Ken Carlson, professor of civil and environmental engineering and director of the Gas Technology Center at Colorado State University, breaks down the major issues confronting the oil and gas industry into four segments: efficiency, water, transportation and renewables. He explained in an interview with the Business Report:
Question: Where are producers looking for ways to streamline operations?
Answer: Colorado’s oil and gas companies are working to be more efficient before they even drill a well. Instead of purchasing oil and gas leases in a checkerboard fashion, they are now purchasing them so that they are contiguous to each other. This layout allows them to use centralized infrastructure, decrease the scale of water delivery and water collection, and use fewer drilling crews.
The advantages are fewer trucks, fewer air emissions, less disturbance of the environment and fewer traffic accidents. The biggest benefit is a reduction in costs. By concentrating the infrastructure for numerous wells in one place, costs go down.

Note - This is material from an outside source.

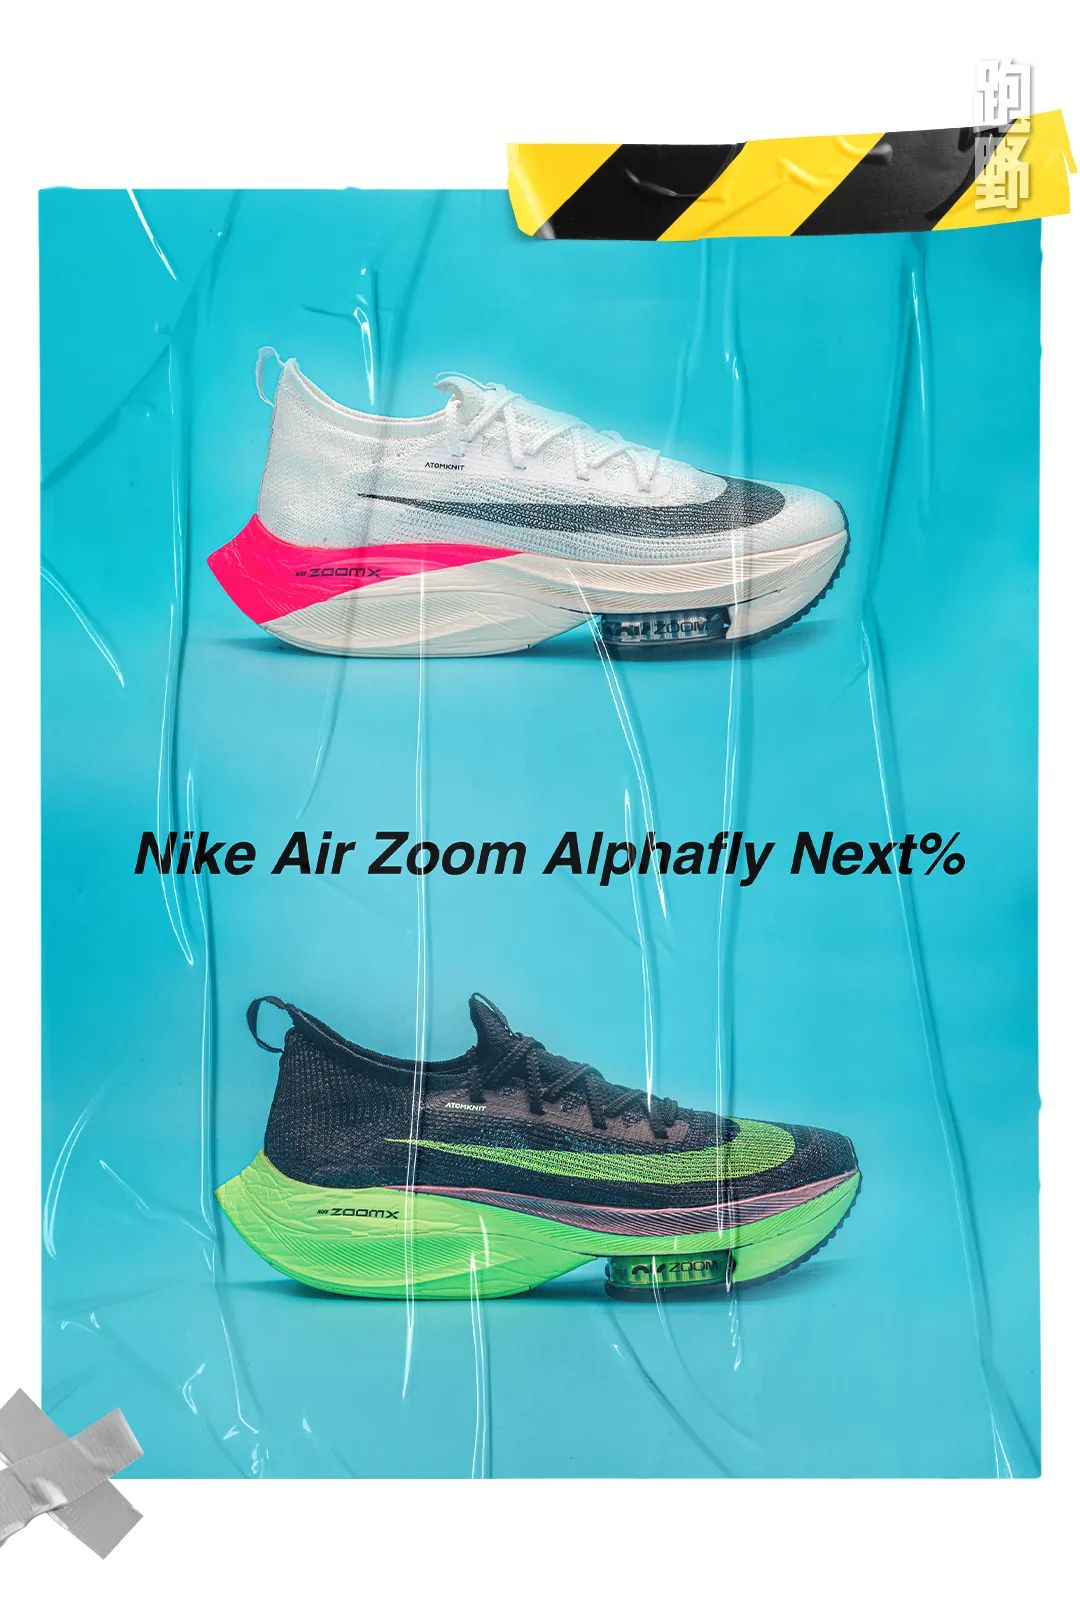 跑野装备秀 | adidas能靠adios Pro能打败Nike吗

One big concern about the development of oil shale is the emission of greenhouse gases from the operations. The industry knows that some methane is being released but it doesn’t know exactly how much. That’s why finding a way to gauge the leak and to find uses for that wasted methane is at the top of the agenda for energy researchers.
Q: Water is a scarce resource in Colorado. Are there breakthroughs in the future that will help producers be better stewards of the water they use and produce?

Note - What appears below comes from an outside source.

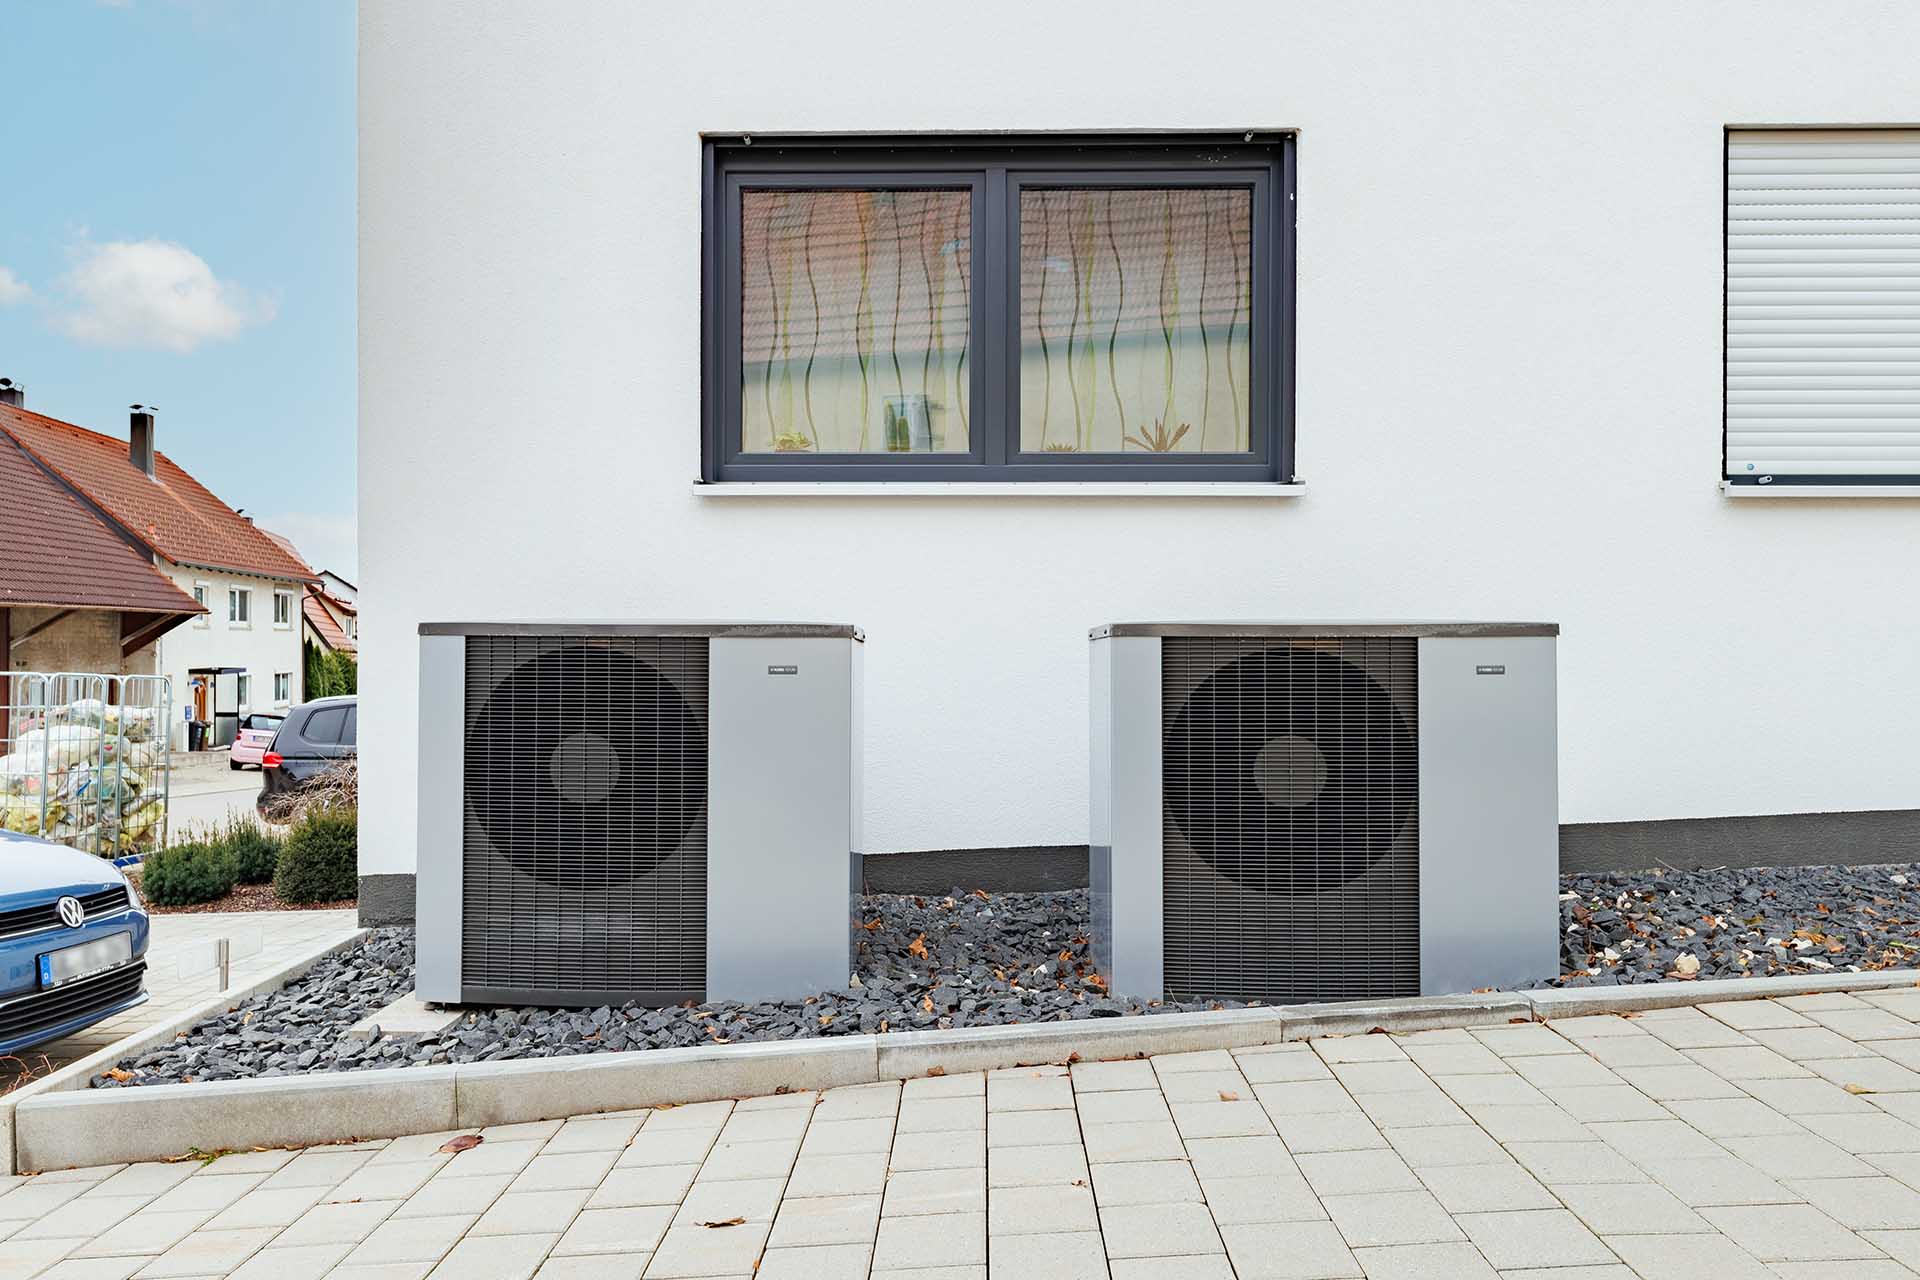 NIBE Luft/Wasser-Wärmepumpen vorm Mehrfamilienhaus in Westerheim

A: Water pollution and water recycling connected to fracking operations have been major hot-button issues in the state, so researchers are working with industry to come up with viable solutions. The state of Colorado and the Colorado Oil & Gas Association are testing out a new system that will monitor groundwater contamination in real time.

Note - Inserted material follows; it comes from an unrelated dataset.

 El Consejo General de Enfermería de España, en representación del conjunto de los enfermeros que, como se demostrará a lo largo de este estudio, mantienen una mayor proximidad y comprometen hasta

We’re in the process of putting together a demonstration site that would install what we’re calling surrogate water monitors. They measure things in real time that are related to contamination from oil and gas operations, but not the actual contaminants themselves. This project will go into operation in Weld County this summer.
As far as what to do with all of the contaminated water that is produced as part of fracking operations, CSU is developing tools that would allow the industry to clean it up and release it back into the environment more efficiently. Our belief is that when we can do it more efficiently, they’ll be driven to do it. We’re trying to create a market incentive to recycle water, without regulation.
Q: Oil and gas companies are under tremendous pressure to reduce the impact of their vehicles. Can electric vehicles play a significant role yet?
A: Because electric vehicles won’t replace fossil fuel-powered ones in the near future, the challenge is to find ways to make these vehicles more efficient. CSU’s Engines and Energy Conversion Laboratory is working on a way to convert diesel engines to natural gas.
A lot of oil field operations, drilling and fracking engines are diesel. There’s a push to convert those to natural gas, the fuel that is there. Why not use the fuel that is there? It is cheaper and much better for the environment. Diesel has a lot of air contaminants, air emissions. It is more expensive and they have to bring it in, which means more truck traffic.
Q: Are there ways to use stable, consistent traditional fuels in tandem with the highly variable renewable resources, such as wind?
A: There are ways to pair natural gas resources with wind. Because wind energy is intermittent, it needs to be used with a fossil fuel that can be turned on and off quickly. Coal is not very nimble, but natural gas can fire up and dispatch quickly. We have several researchers working on how to integrate the two into the electric grid.